Revitalizing D/Lakota Mathematics Through Language & Culture
Author: Lori Huston, Qiaochu Xu, Ariane Faria, and Cynthia Nicol

For some curriculum developers bringing math and Indigenous perspectives together involves “unfreezing” mathematics within cultural practices (for example coding in beading or cones in tipis). But for Dr. Danny Luecke it is through the perspectives of Indigenous Elders (Lakota), sharing their knowledge and worldviews through the D/Lakota language that provides opportunities for learning and revitalizing Lakota mathematics.
Growing up on Očhéthi Šakówiŋ and Anishinaabe land, now known as Fargo, North Dakota, Danny is of mixed ancestry being from the Choctaw Nation and multiple European nations. However, Danny described that most of his experiences are from “a privileged white guy” perspective.

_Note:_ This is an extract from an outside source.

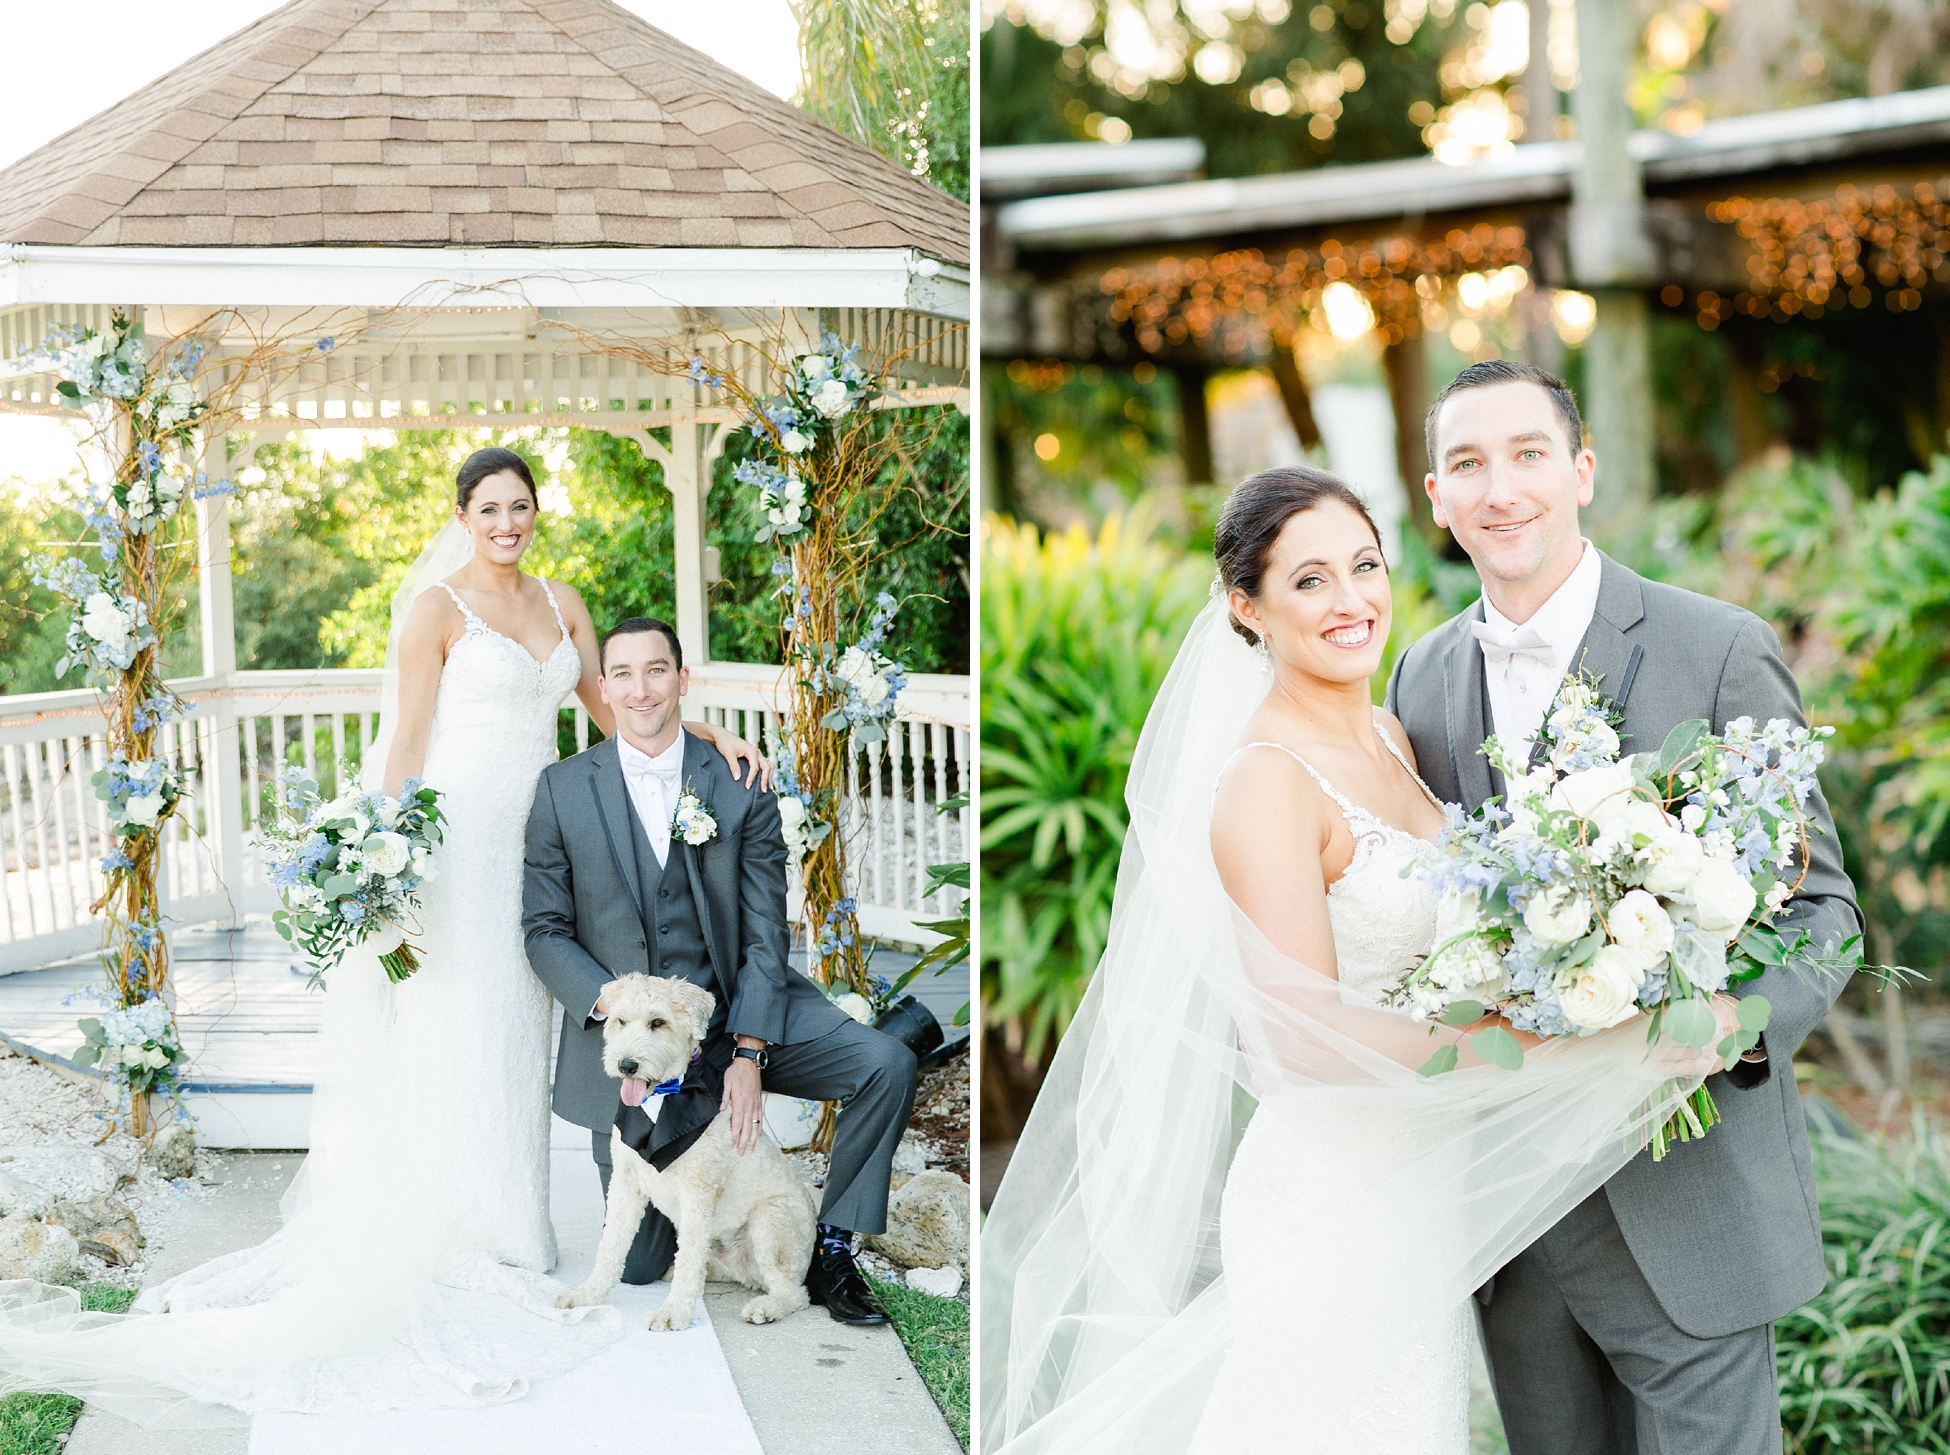 Tampa Wedding | © Ailyn La Torre Photography 2018

So, as a way to reconnect and honor his own Indigenous heritage, Danny decided that during graduate school he wanted to learn and work with Indigenous communities in the place he grew up.

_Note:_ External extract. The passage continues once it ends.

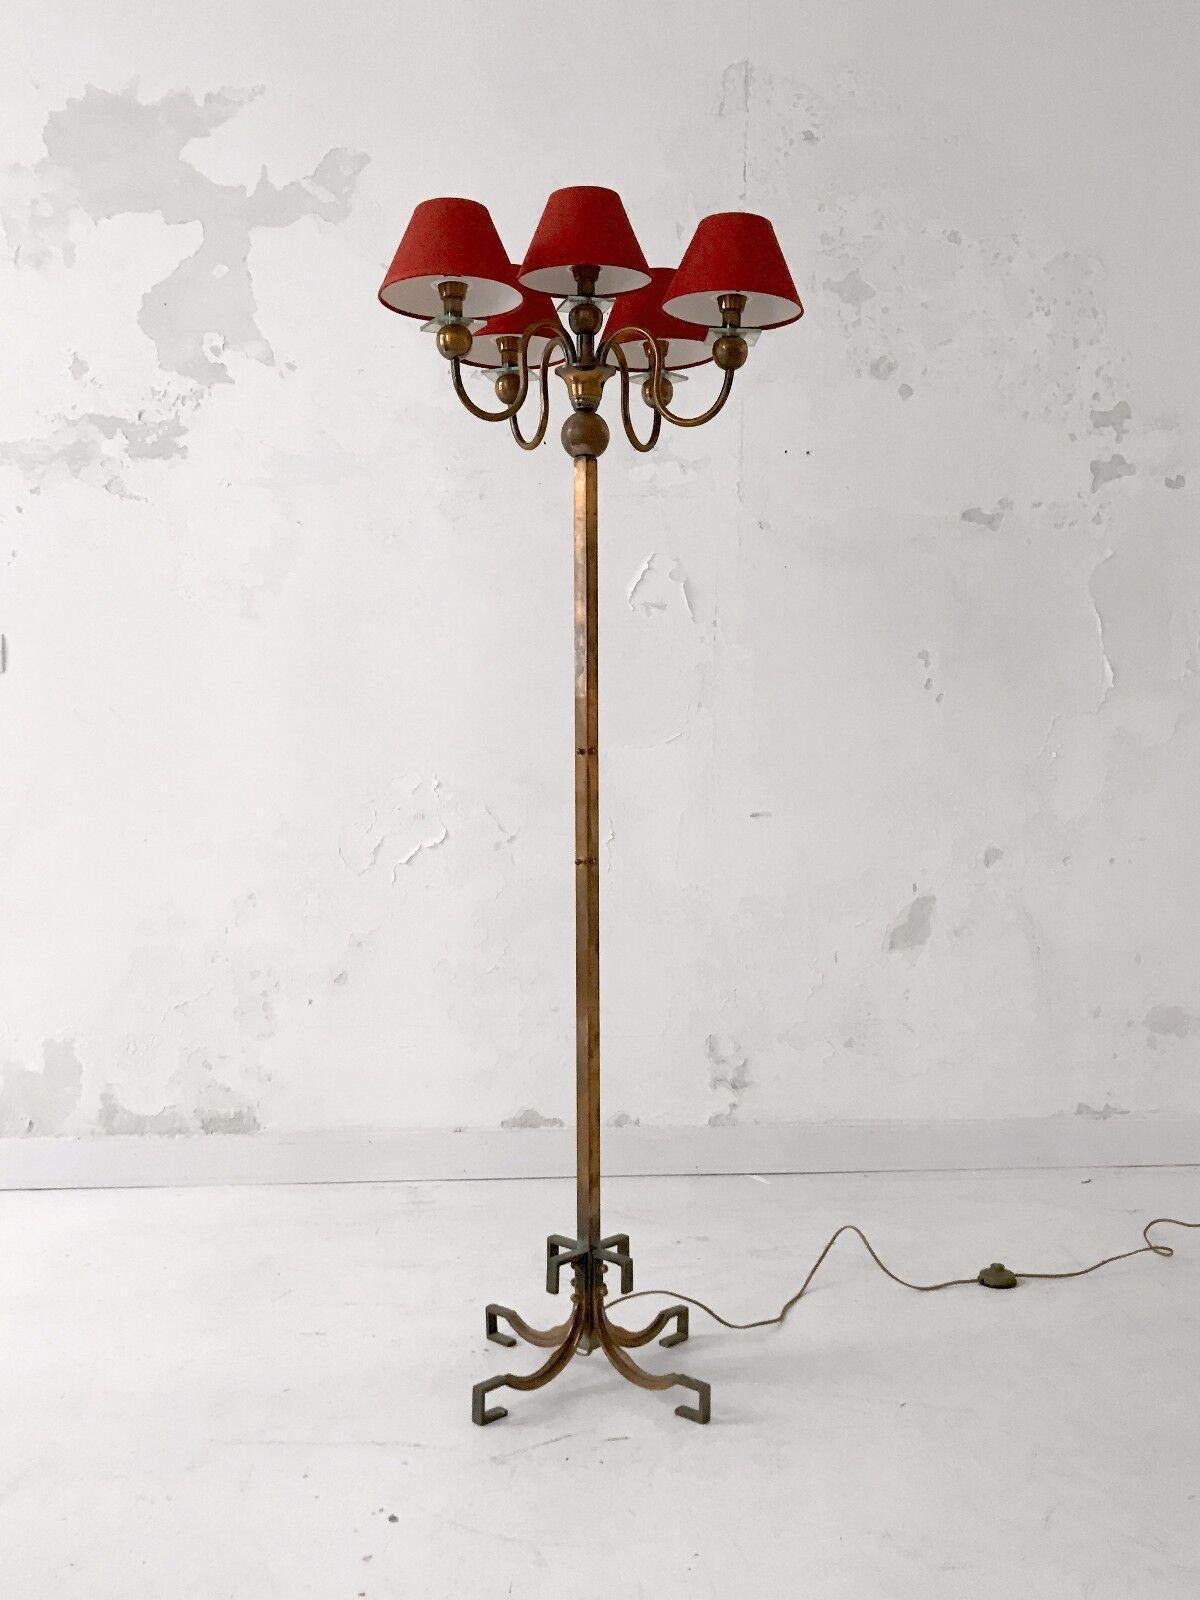 A NEO-CLASSICAL ART DECO MODERNIST Copper FLOOR LAMP by PETITOT, France 1930 For Sale 3

With great pleasure, we’d like to extend our heartfelt congratulations to Dr. Danny Luecke for successfully completing his Ph.D. in Mathematics and Mathematics Education at North Dakota State University. His remarkable journey and community-based research, conducted in collaboration with Sitting Bull College on the Standing Rock Reservation have further advanced the exploration and promotion of D/Lakota-based mathematics.
“Math fluency and language fluency can grow together.”
Danny’s work explores connections between language and math, local teachings, and culture. A focus is bridging mainstream math concepts and Indigenous ways of knowing.Danny described his doctoral research as co-constructing with community members and elders a mathematics curriculum to be taught in the D/Lakota language. Danny worked with the community to understand what they wanted as a result/product of his research and what should be the next steps after the research.
He found that the community wished to design a sort of reference book where they could return to review what they have learned during the process and use this type of guide for future learning in the community. Danny is also working to establish details regarding the “data sovereignty” of this math community knowledge, so that the project protects and supports the work of the Standing Rock Department of Education. You can view the work in progress resource material on the Standing Rock Lanuage and Culture Institute web portal called Othokahe by creating an account and self-enrolling in the math connections course.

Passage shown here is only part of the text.